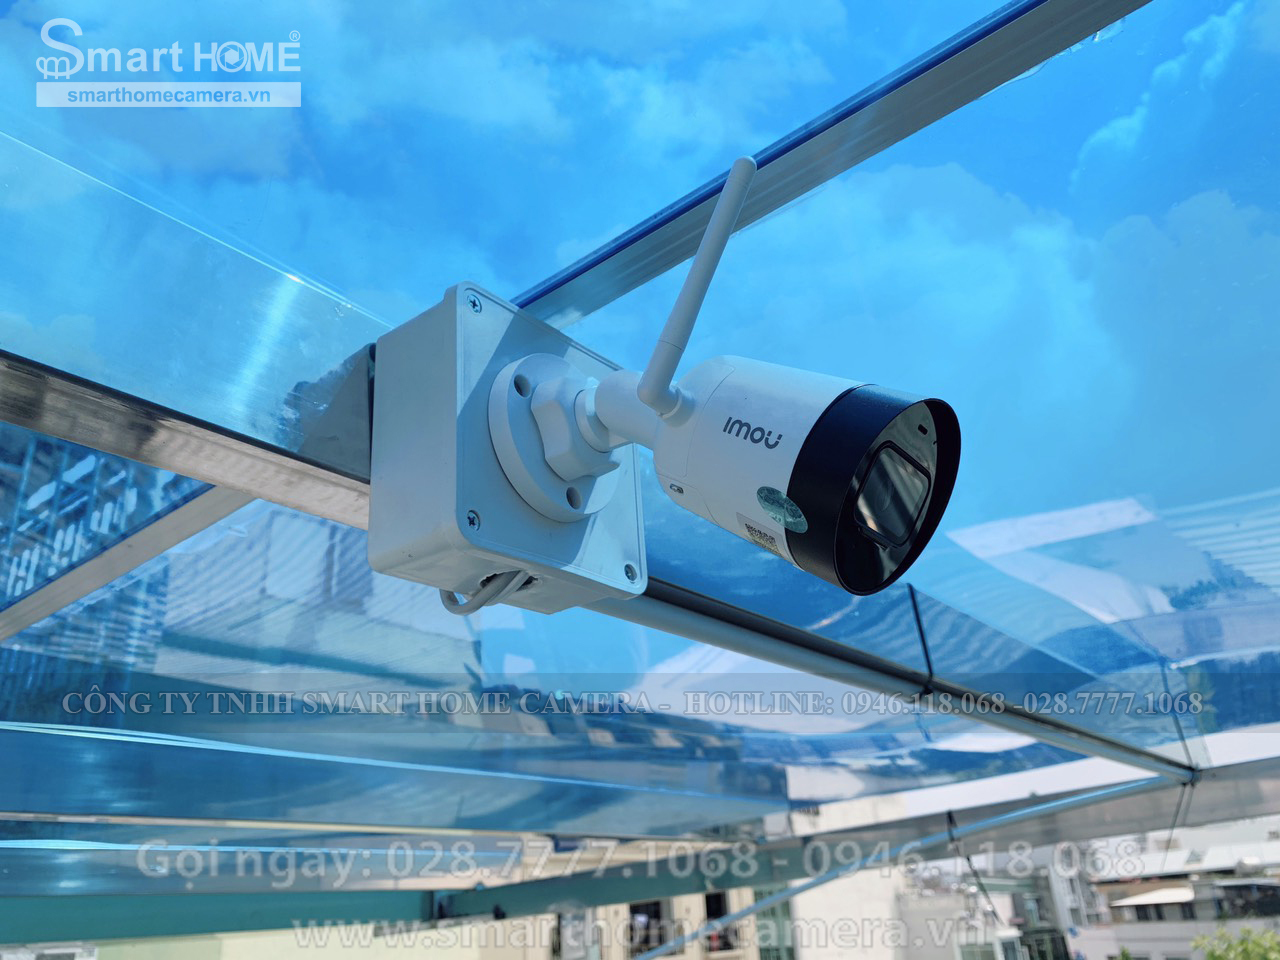 Lắp đặt camera quan sát Imou tại quận 1
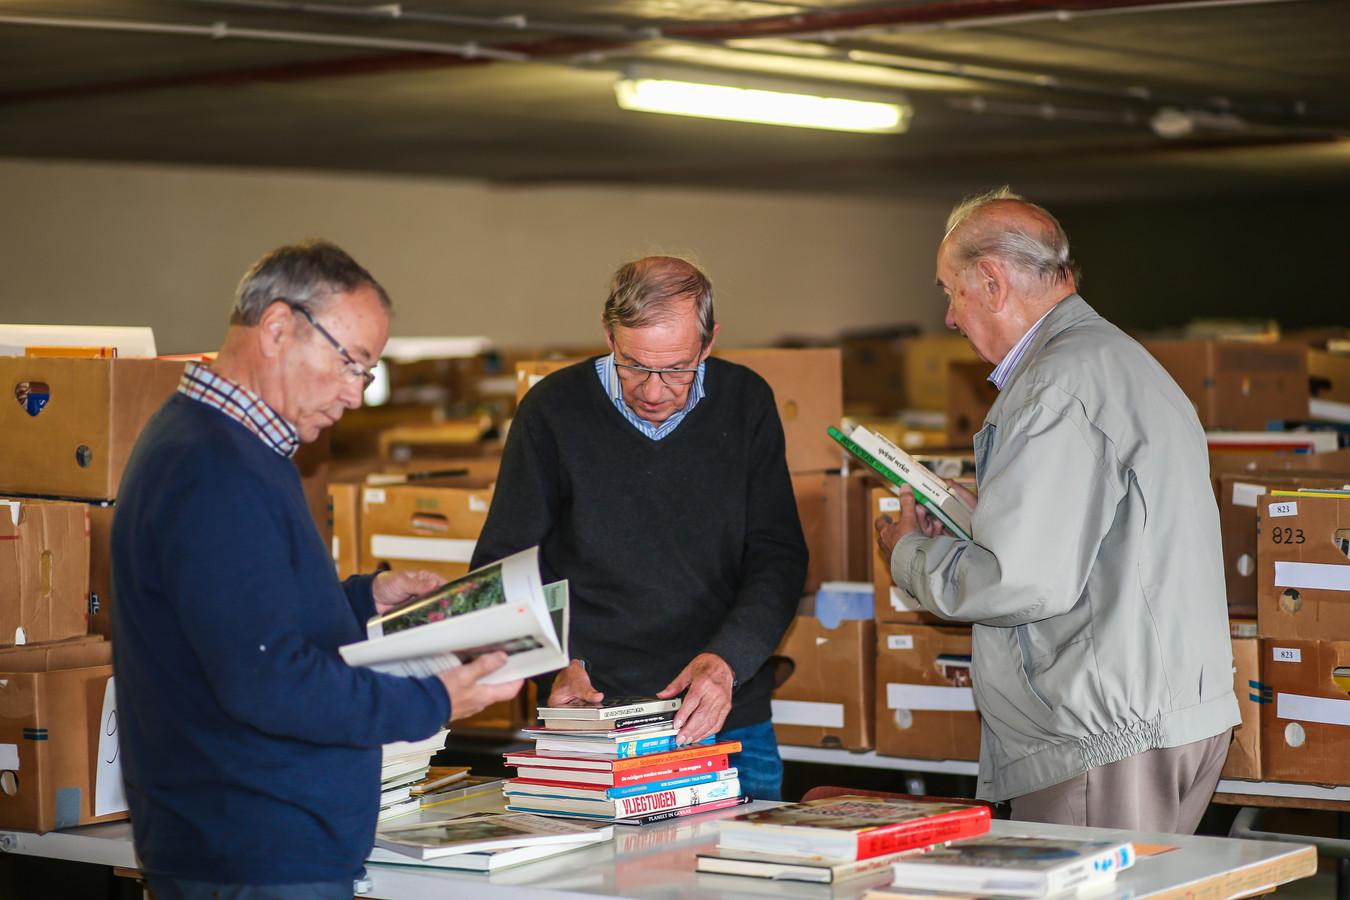 De beurs biedt dit jaar maar liefst 50.000 boeken aan en bevat enkele zeldzame pareltjes, die in geen enkele collectie mogen ontbreken.
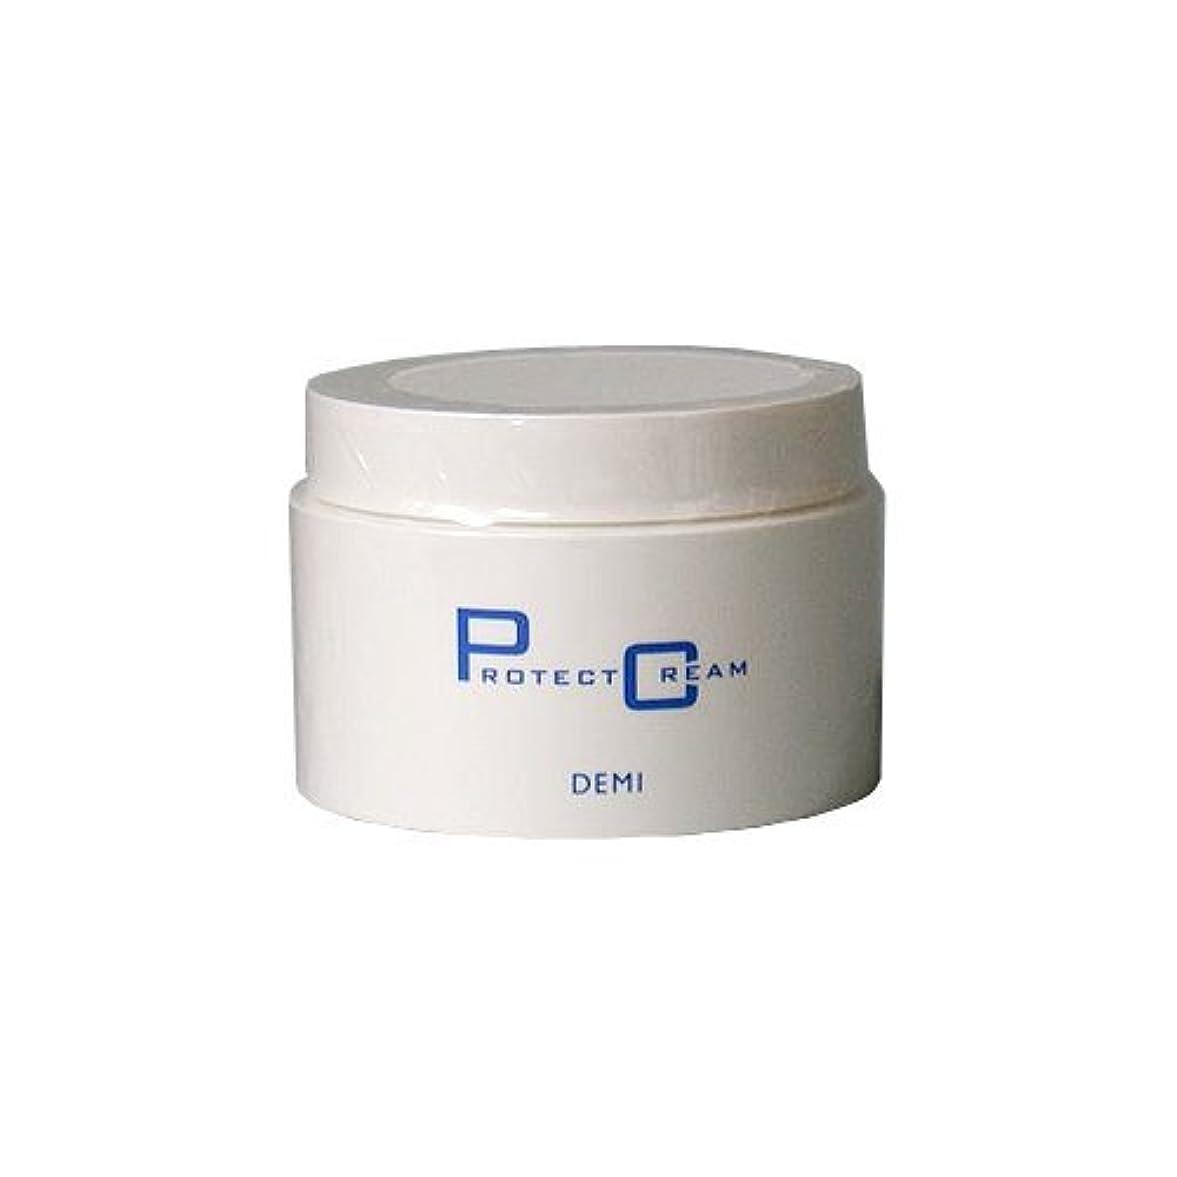 環境ゲート性差別デミ プロテクトクリーム 170g

________________

The data above must be reproduced exactly, without any of its pictures.

 Lắp đặt camera quan sát Imou tại quận 1
 De beurs biedt dit jaar maar liefst 50.000 boeken aan en bevat enkele zeldzame pareltjes, die in geen enkele collectie mogen ontbreken.
 環境ゲート性差別デミ プロテクトクリーム 170g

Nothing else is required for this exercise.